2.4.2 Complex validation. Analytical tools like FTIR, XRF and SEM-EDX were used for analysis of phytate metal binding, elemental presence, and structural and spatial features respectively.

FTIR: Bruker ALPHA II spectrometer (Bruker), spectral range 4000–500 cm⁻¹, resolution 4 cm⁻¹, 40 ATR direct scans, automatic focus, automatic background, powder sample preparation, baseline-corrected. Key focus region: 1040–1080 cm⁻¹ (phosphate–metal region).

XRF: PANalytical Epsilon 1 (Malvern Panalytical), system default voltage and current, count time 30 seconds, sample preparation: direct sample in a pressed thin mylar film.

SEM-EDX: FEI Apreo LoVac SEM (Thermo Fisher Scientific) with EDX detector, 15× kV acceleration voltage, 10× magnification.
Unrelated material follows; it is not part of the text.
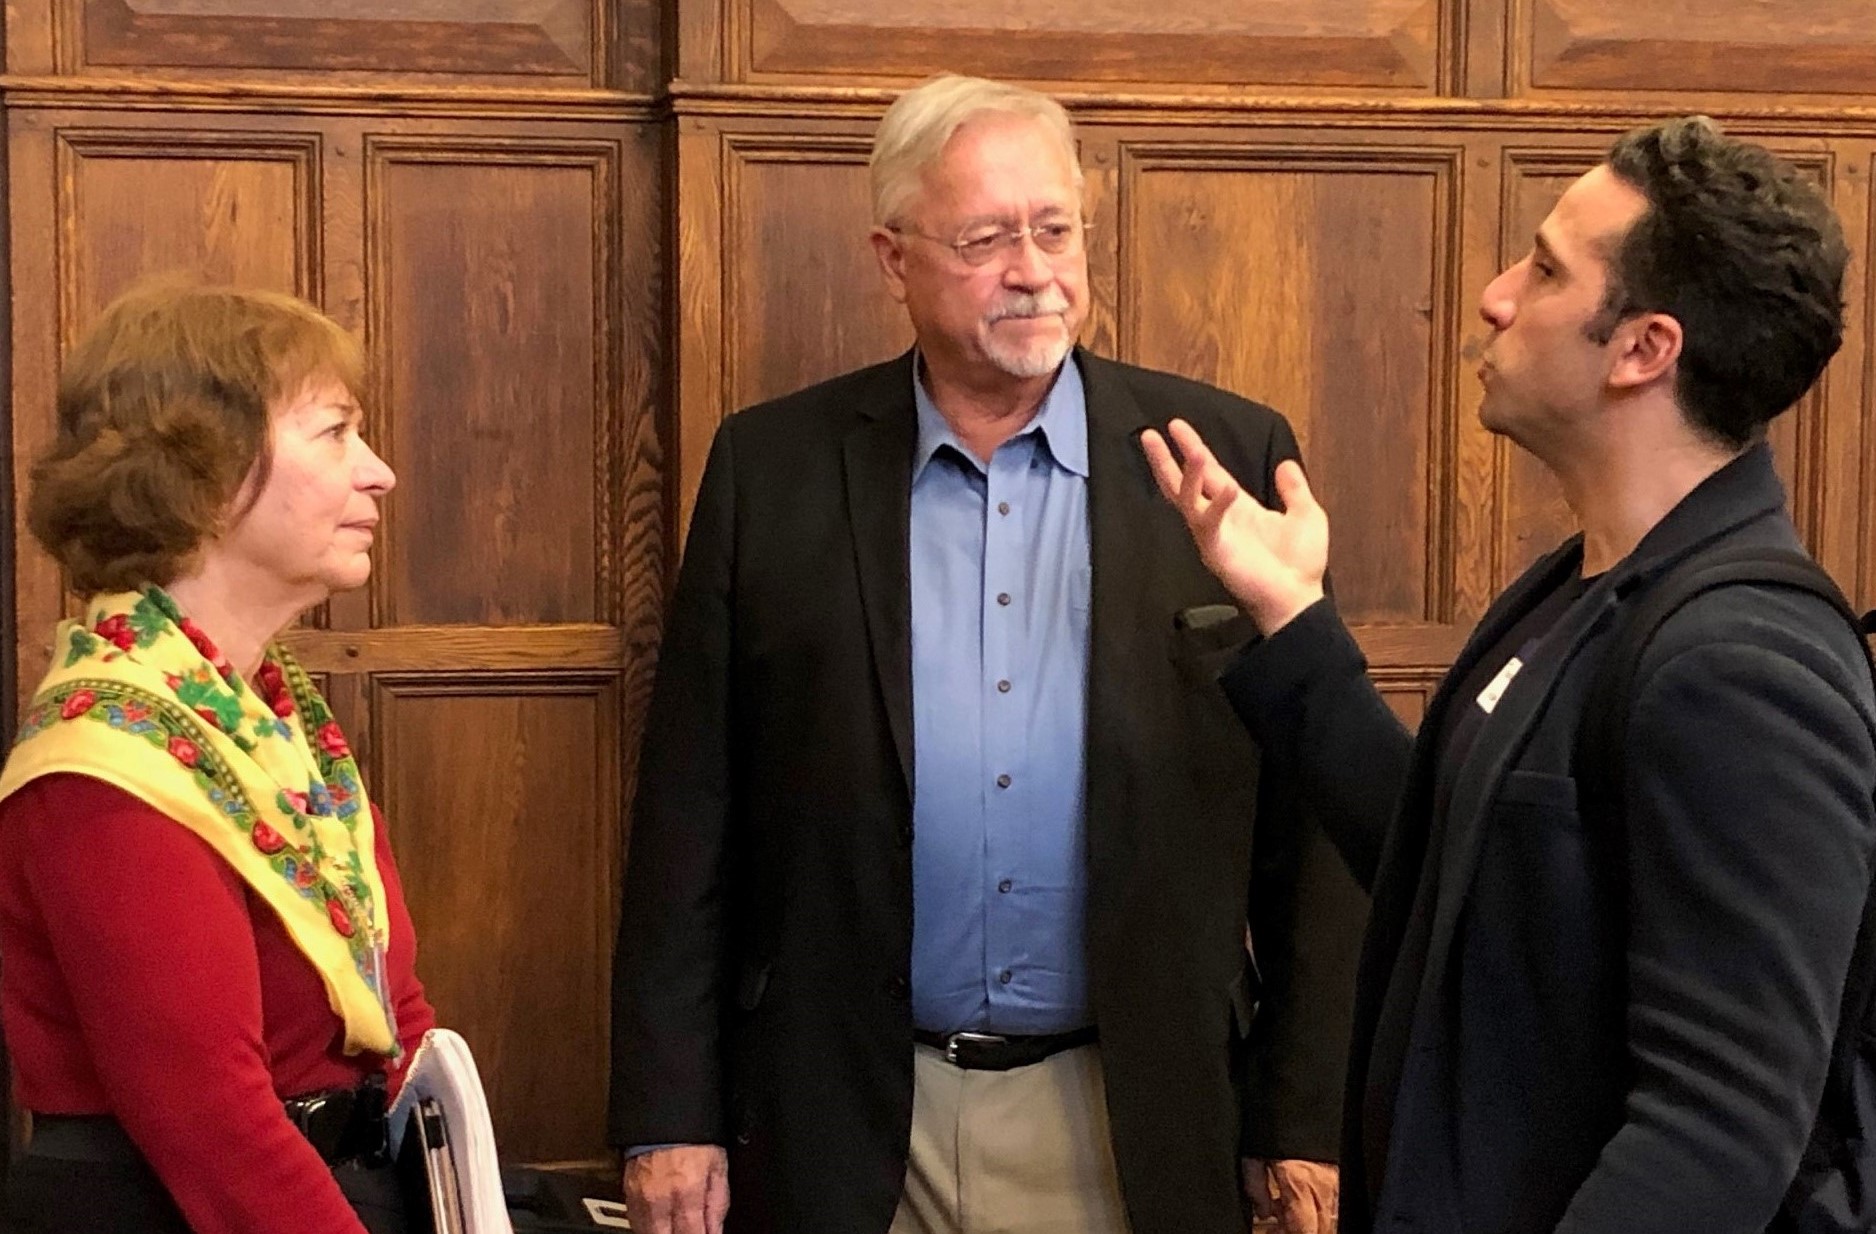 L to R: Melanie Norton, co-chair of DiversAbility at Yale, Jim Conroy ’70, and Thomas Dolan ’05 of the YAA Board of Governors chat after the panel. Photo: Henry Kwan

2.4.3 Release kinetics. 50 mg of each complex was incubated in 10 mL of water, 0 h fermented rice water, and 18 h fermented rice water (25 °C) for comparative analysis. Two controls were maintained: (1) unfermented control (0 h rice water); (2) reagent-only blank (deionized water) for background. Aliquots were collected at 15, 60, 120, and 240 min for water and 0 h fermented rice water, with an additional 360 min for 18 h fermented rice water and mineral release was studied.

2.4.4 Elemental quantification of Zn, Ca and Fe was done by ICP-MS. Samples (1 : 10 diluted in 2% ultrapure HNO₃) were analyzed by ICP-MS (iCAP Rqplus, Thermo Fisher Scientific, iSC-65 autosampler). Calibration: ICP Multi-Element Standard IV (Supelco, Sigma-Aldrich, 0.05–10 mg L⁻¹). Linearity: Zn (R² = 0.996), Ca (R² = 0.997), Fe (R² = 0.998). All assays in triplicate.

2.4.5 Phytase activity assay in fermented red rice water. Phytase activity was measured by phosphorus release from sodium phytate using Fiske–Subbarow phosphate assay.²⁵ The 1 mL reaction mixture contained 500 µL of 2.5 mM sodium phytate (0.1 M sodium citrate buffer, pH 3.0) and 500 µL enzyme sample (final substrate: 1.25 mM). After 15 min at 50 °C, the reaction was stopped with 10% TCA. Color was developed using an ammonium molybdate–acetone–sulfuric acid reagent and measured at 660 nm. Calibration used KH₃PO₄ (0–1000 nmol range, R² = 0.996). One unit (U) was defined as 1 µmol of phosphorus liberated per minute (U ml⁻¹ and nkat mL⁻¹; 1U = 16.67 nkat).

2.5 Statistical analysis

All experiments were conducted in triplicate (n = 3) independent biological replicates, and results are presented as mean ± standard deviation (SD). For fermentation data (0 h vs. 18 h), statistical significance was evaluated using a paired t-test, with a significance threshold of p < 0.05. For mineral release studies across multiple time points (15, 60, 120, 360 min), multiple independent t-tests comparing each time point to baseline (0 h) were performed using the “Multiple t-tests (one per row)” option in GraphPad Prism, with statistical significance set at p < 0.05. No correction for multiple comparisons was applied as each time point was compared independently to the same baseline. All statistical analyses were carried out using GraphPad Prism (version 8.4.2).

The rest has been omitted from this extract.